Nikos Temponeras (1954 – January 8, 1991) was a high school mathematics teacher, and a member of the left-wing Labour Antimilitaristic Front (EAM). Temponeras was murdered in Patras during the student protests of 1990–1991 by Giannis Kalampokas, a municipal councillor and president of the local New Democracy branch. Temponeras was the first of five fatalities caused by attacks against the protesters.

Assassination 
Nikos Temponeras was the first casualty during the students' demonstrations against the bill of Minister of Education Vassilis Kontogiannopoulos. Four more people died during these protests due to a fire in a shop during a demonstration in Athens.

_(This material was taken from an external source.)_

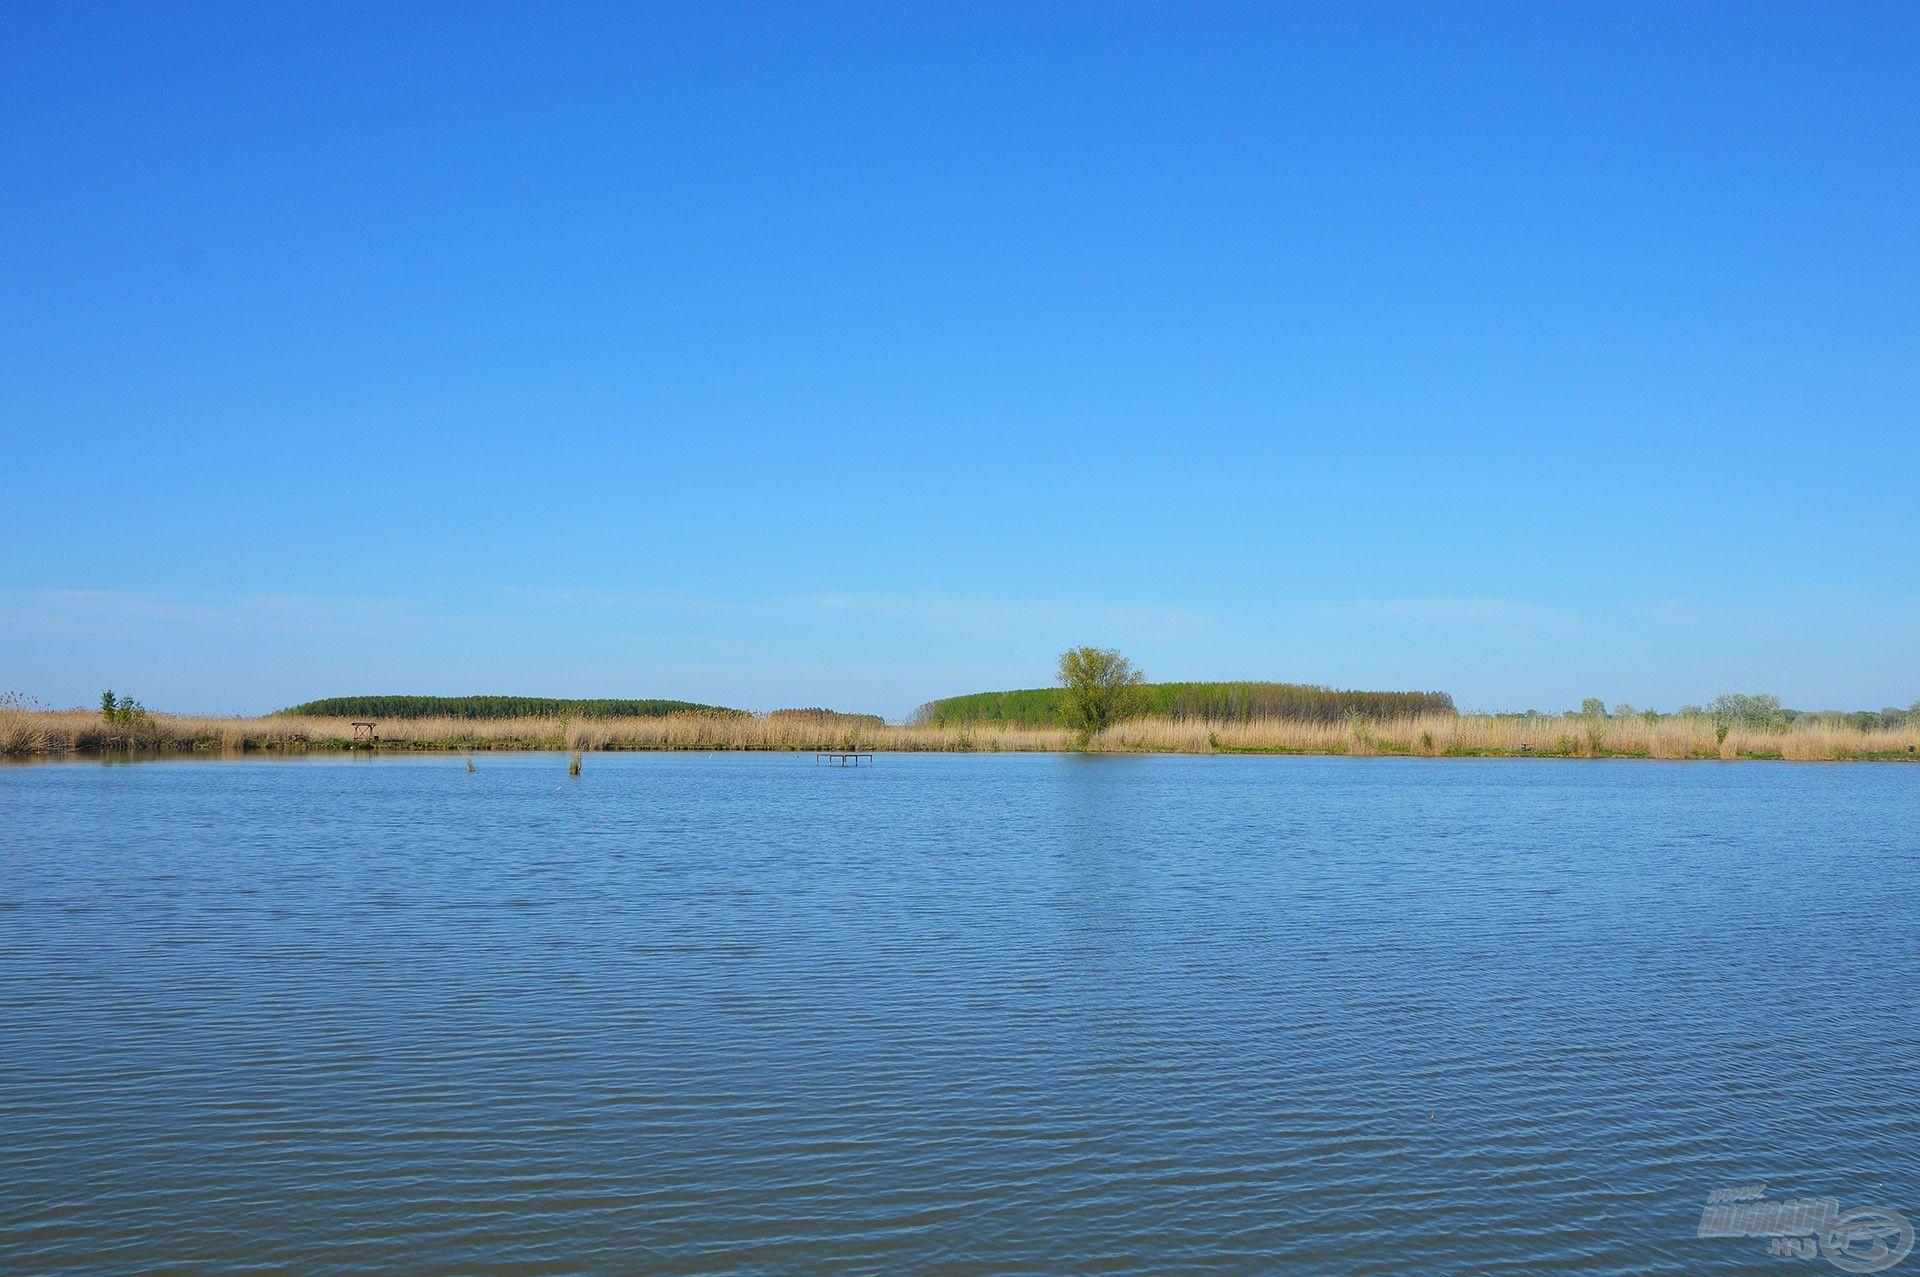 Megannyi lehetőség és sok szép hal otthona ez a víz

The murderer was municipal councilor and president of the local branch of Youth Organization of New Democracy (ONNED), Giannis Kalampokas. The murder occurred on January 8, 1991, when Kalampokas hit Temponeras in the head with an iron bar while ONNED was trying to recapture the school complex of 3rd and 7th Patras high schools (where Temponeras was a teacher) that was occupied by the students. In order to take control of the school, the members of ONNED, led by Kalampokas, made an attack with bats, iron bars and cement tiles against the occupiers of the school that were supported by many parents and teachers, including Temponeras.

Aftermath 
The assassination, occurring in a period of fierce political confrontation, sparkled a wave of protests throughout Greece. The day after the murder, the Minister of Education Kontogiannopoulos resigned and the most controversial articles of the bill were removed.

Kalampokas was tried and sentenced to life in prison for murder but later his sentence was reduced to 17 years and 3 months in prison and finally to 16 years and 9 months. He was released on February 2, 1998.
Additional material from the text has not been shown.